Two downsides of using the SIMDE library:
1) Doesn't work with raw assembly, only C/C++ compiler intrinsics
(<emmintrin.h> and friends)
I don't see this as a downside. Embedding your intrinsics into the
regular source will enable more optimizations for the compiler.
2) Switching between different types of SIMD (like using SSE fallbacks
for an SSE2 operation) is done at compile time and not run time.
This is a bummer, but can be solved (see below).
Questions for you all:
1) Is this a good idea?
I think it is a good idea, iff you have a benchmark proving that the
optimizations will improve the runtimes significantly. For instance,
there are a number of different ways to compute the reverse complement.
Using a switch statement is very slow, a table is ten times faster, a
simd approach can even give another 7x speedup [3].

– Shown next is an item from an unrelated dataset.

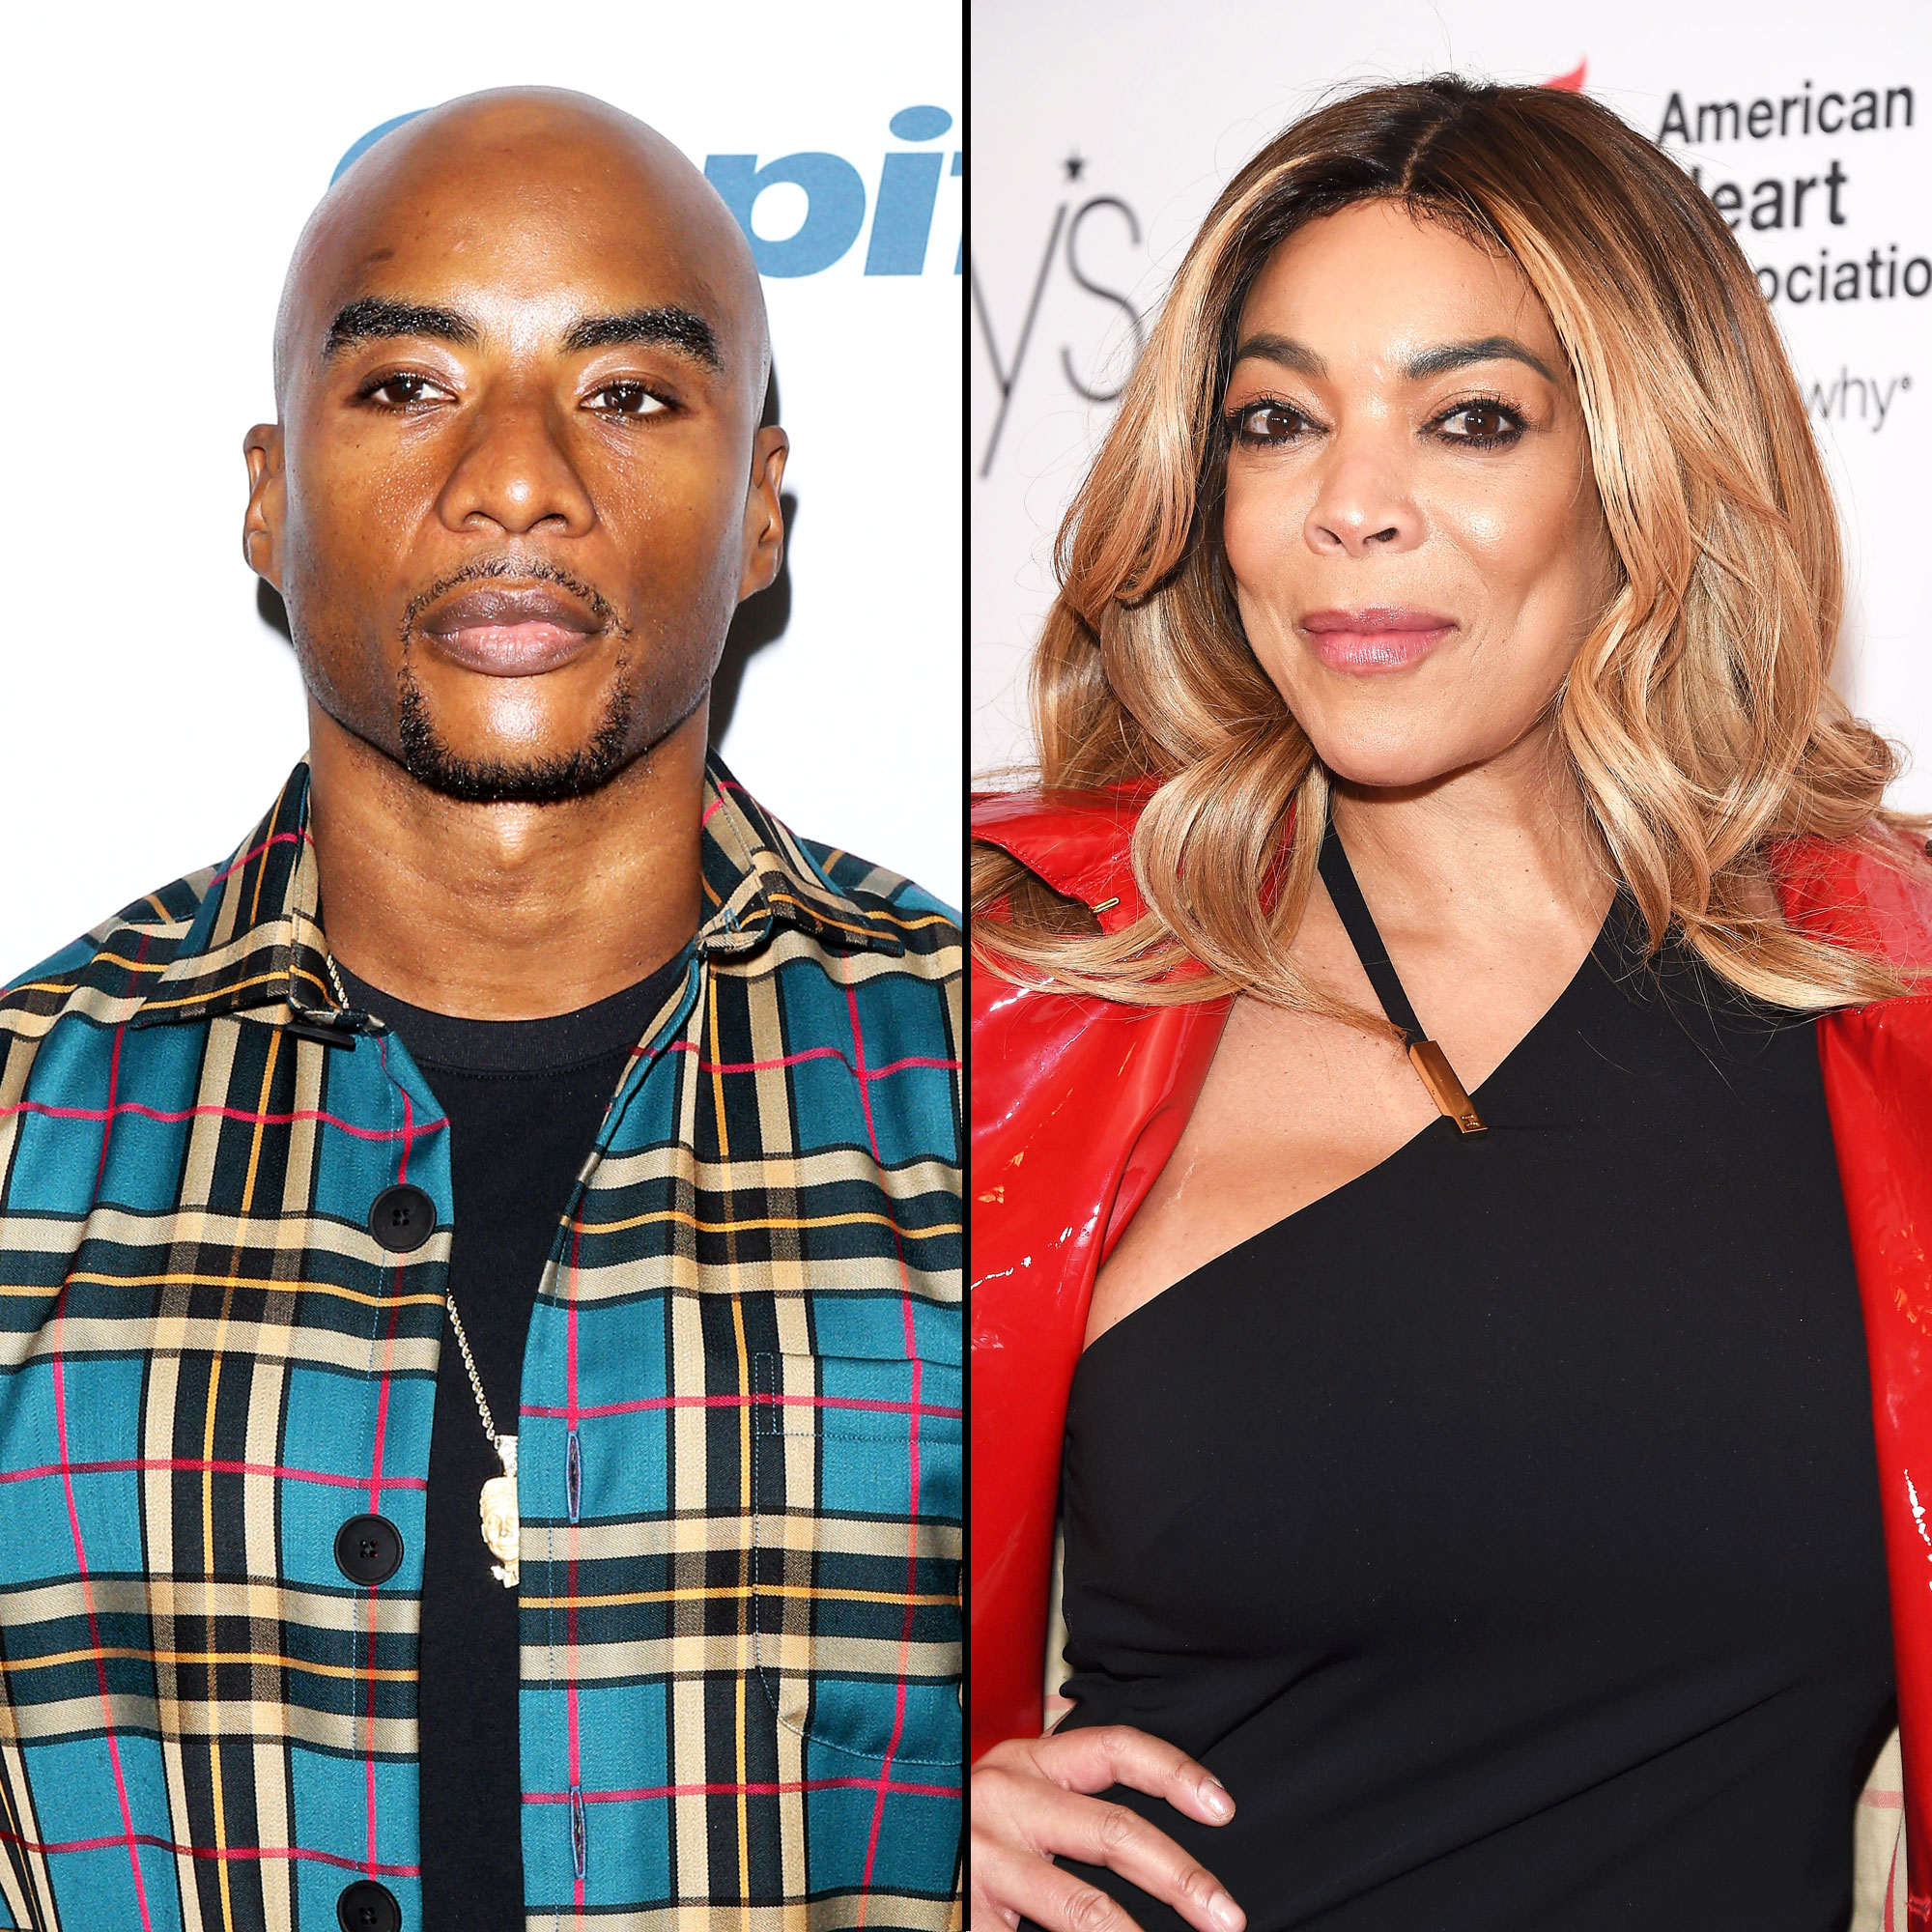 Charlamagne Tha God Says Wendy Williams Was Abused in Marriage image pic

2) Should we carry these patches if upstream doesn't accept them?
Dunno.
3) Any ideas about compiling with different
-m{avx2,avx,sse4.2,sse4.1,ssse3,sse3,sse2,sse,mmx} settings + simple
wrapper generation to pick the right executable?
I did that just recently for phylonium [1]. Here is the best approach I
found: Have each optimized function in a separate file. Compile each
with its specific -m setting. Further provide a generic implementation
as well as one entrypoint function. The latter can then at call time
determine which optimized implementation to use via
__builtin_cpu_supports(). Using ifuncs this can even be delegated to
dynlink-time.
The devil is in the details: hurd and kfreebsd (and macOS) don't support
ifuncs [2]. __builtin_cpu_supports() needs some help to work in ifuncs.
Also you have to disable the shenanigans for non-x86/whatever platforms.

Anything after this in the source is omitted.